This problem is concerned with modeling of a database that contains information about
employees of academic institutions. A employee can either be a professor or a lecturer.

• For each employee, his/her id, name and year of birth.

• For each institution, its name, country, and inauguration year.

• For each institution, the names of its schools (e.g. School of Business, School of Com-
puter Science,. . .). A school belongs to exactly one institution.

• Information about authorships, i.e., which employee have authored a research paper.
The titles, ids of research papers should also be stored.

• For each employee, information on his/her highest degree (BSc, MSc or PhD), including
who was the main supervisor(must be a professor), and at what school.

• For each lecturer, information on the total number of courses he/she has taught.

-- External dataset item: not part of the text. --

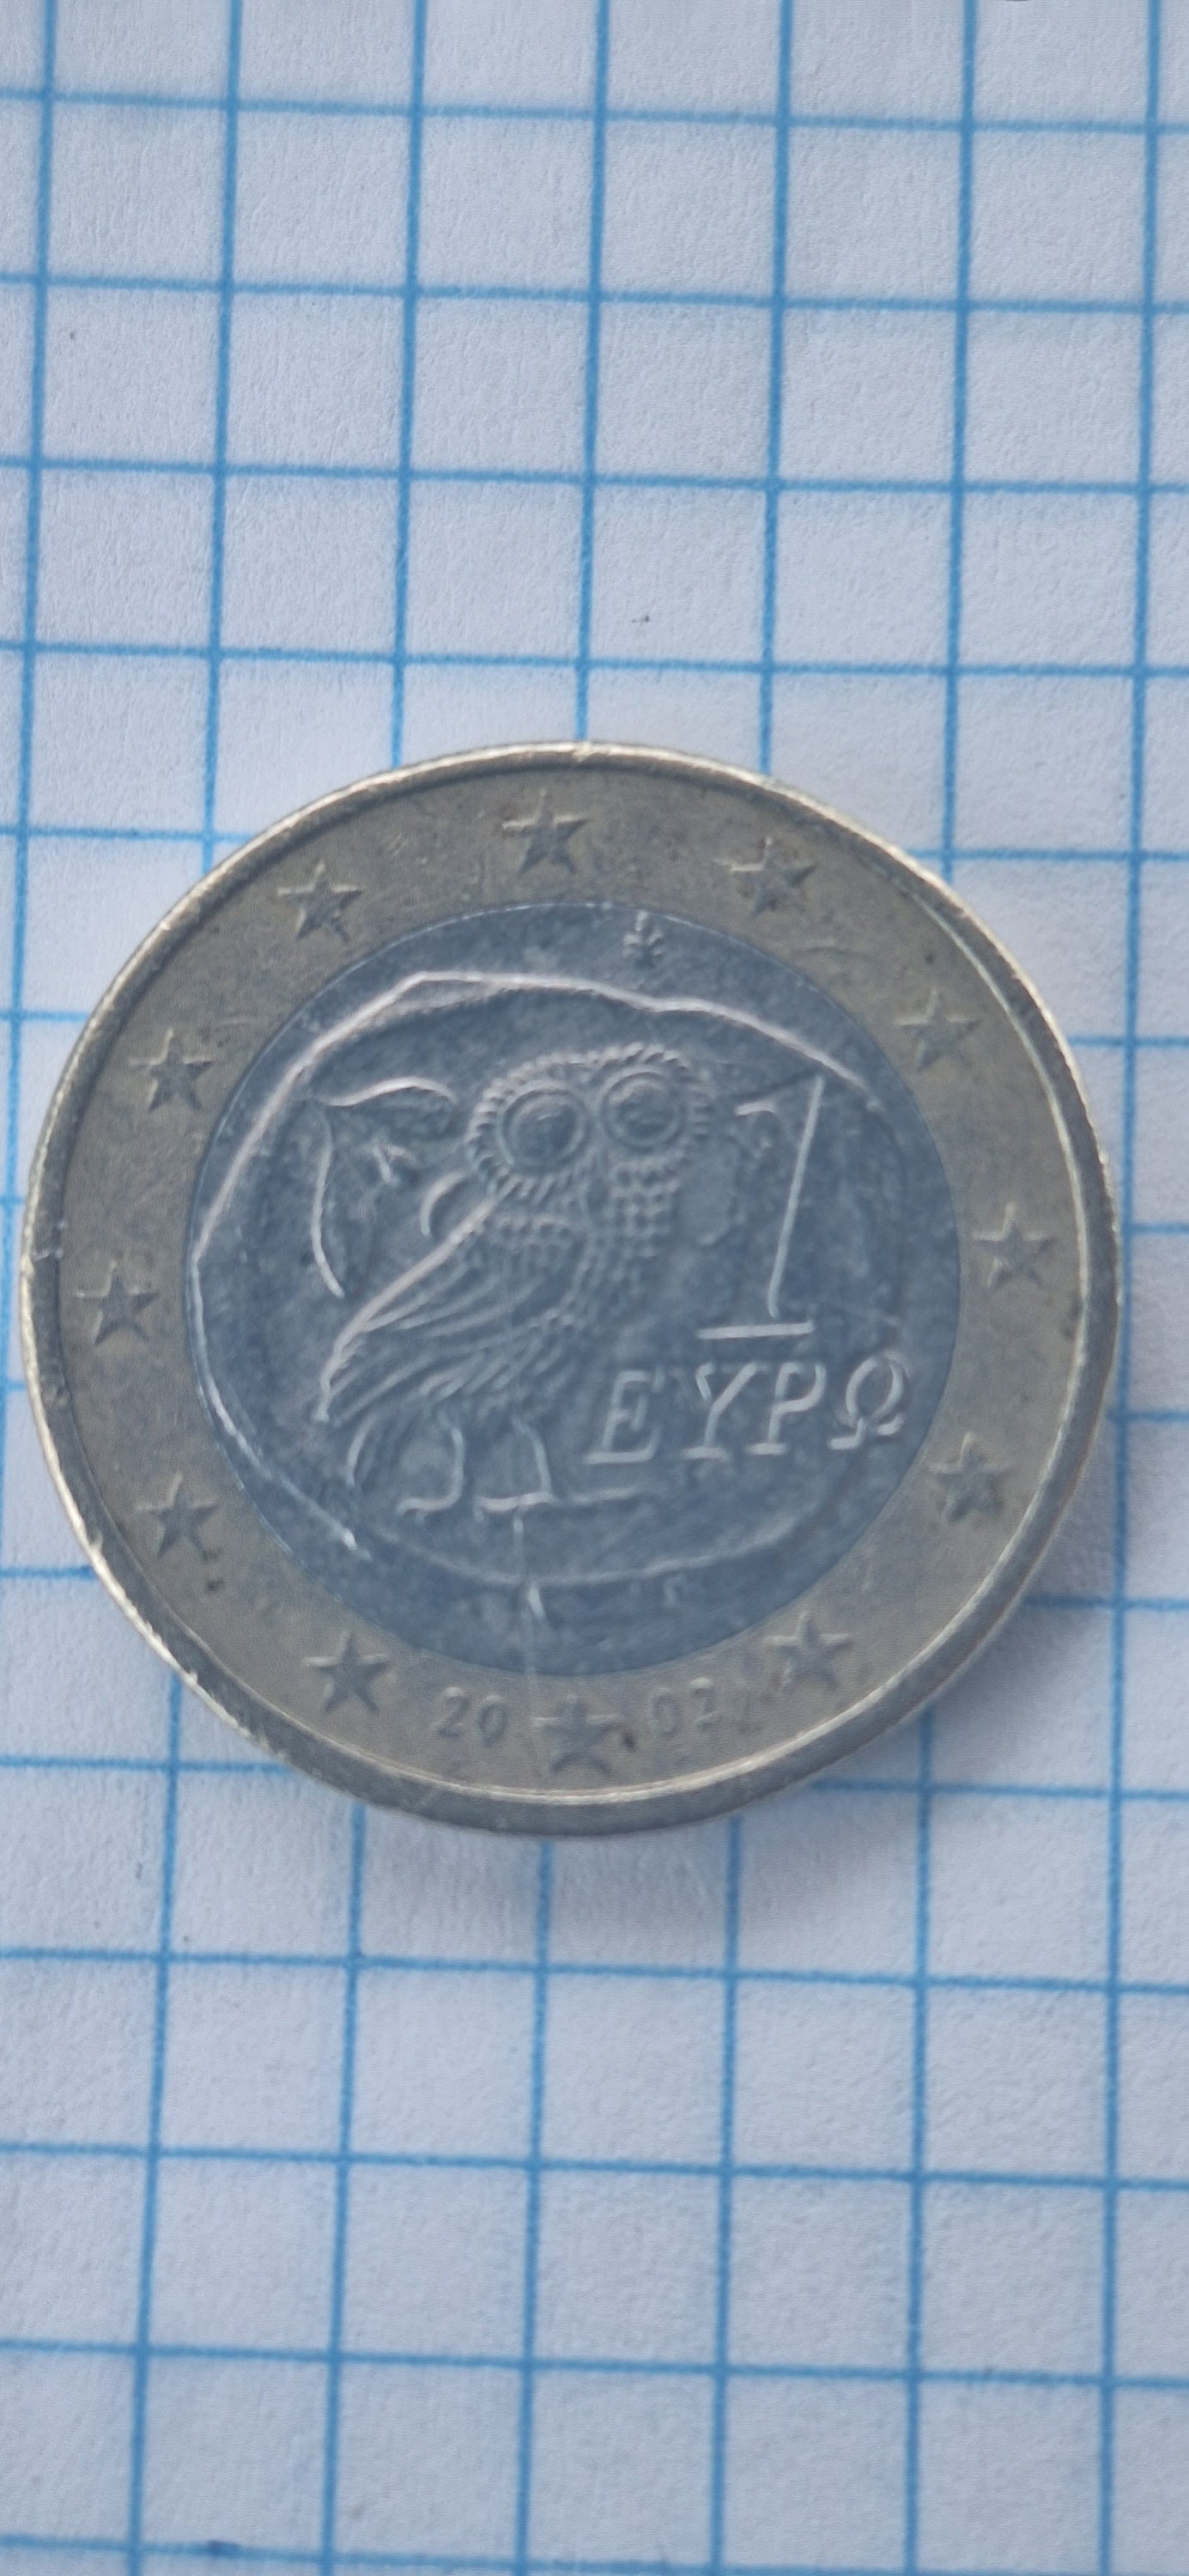 Currency 1 Euro Owl Greece 2010. Huge typo in the right eye of the owl  appears a 1.

• For each professor, information on his/her title and research projects (title, start date,
end date and the amount of grant money) in which he/she is a principal investigator.
Assuming that there is one but only one principal investigator for each project.

1. Draw an E/R diagram for the relations described above. Your diagram should not
contain redundant entity sets, relationships, or attributes. Also, use relationships
whenever appropriate.

2. Convert your E/R diagram into relations, and write SQL statements to create the rela-
tions. Make any reasonable choice of data types. Remember to include any constraints
such as primary key and foreign key constraints.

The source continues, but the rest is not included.